Writer's picture: Dr. Winifred LenderDr. Winifred Lender


How we think about stress is key to how we experience it.
How we think about stress is key to how we experience it.

For years we have been told that stress is bad and should be avoided. We are counseled that prolonged stress can lead to cardiovascular disease, significantly decrease our longevity, and should always be avoided. In fact, we have become so programmed to view stress negatively that the mere mention of the word can cause people to feel “stressed.”

However, new research is questioning whether stress is actually the villain we once thought it was or whether it is really our beliefs about stress that are problematic. Accumulating research is showing that it is not stress per se that may be our foe, but rather the way we have been conditioned to view and the arousal that accompanies it.


A large-scale study of 29,000 participants conducted by researchers at the University of Wisconsin-Madison looked at the link between stress symptoms, perception of stress and longevity. The subjects were asked to rate their level of stress over the past year and how much they believed stress impacted their health. The researchers used the self-reported data and compared it to death records for eight years.


The results showed that people who reported experiencing “a lot” of stress and viewed the stress as impacting negatively on their health had the highest morality rate. In contrast, subjects who reported “a lot” of stress but did not perceive its impact as negative on their health were actually less likely to die in this time period than subjects who reported less stress but perceived it as negative.This research suggests that it isn’t stress itself that may be dangerous to our health, but rather it is the perception of stress as a negative force that is harmful.


The finding that the perception of stress is critical to our experience of stress and our health has led researchers to explore means of altering perceptions of stress. In fact, research suggests that simple instruction in reappraising the physiological aspects of stress, seeing them as positive, can impact on performance and the enjoyment of an experience. In a University of Rochester study designed to elicit stress by having subjects engage in evaluative public speaking tasks, subjects were assigned to a reappraisal group, a placebo group (no instructions were given) and a group where subjects were told to ignore the stress.

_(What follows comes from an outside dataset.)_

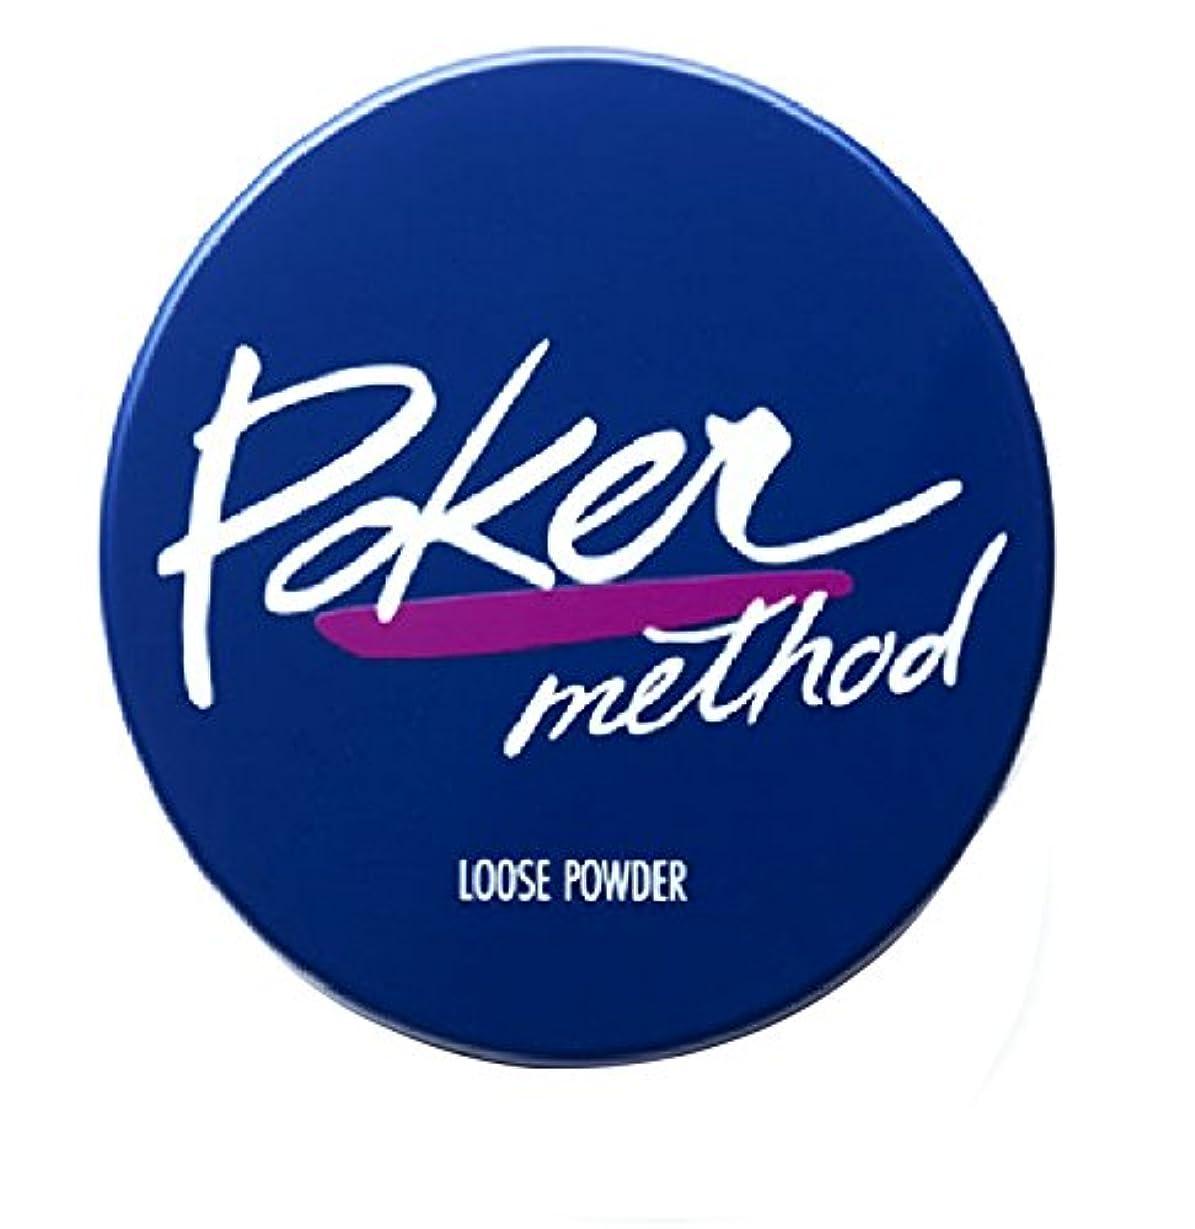 ホップ第五石灰岩Poker Method(ポーカーメソッド) オイルインルース ファンデーション 18G

In the reappraisal group, the focus was not on ignoring the physiological arousal stress causes, but rather on teaching the subjects to view the arousal as performance enhancing and break the automatic connection many make between the arousal and a host of negative appraisals. For example, subjects in this group were taught that a pounding heart meant that there was more blood and oxygen being pumped quickly to areas it was needed to perform well on cognitive or physical tasks. The subjects in the reappraisal group showed the following positive outcomes: less vasoconstriction and greater cardio output during the tasks, and afterwards reported less focus on the negative aspects of the experience.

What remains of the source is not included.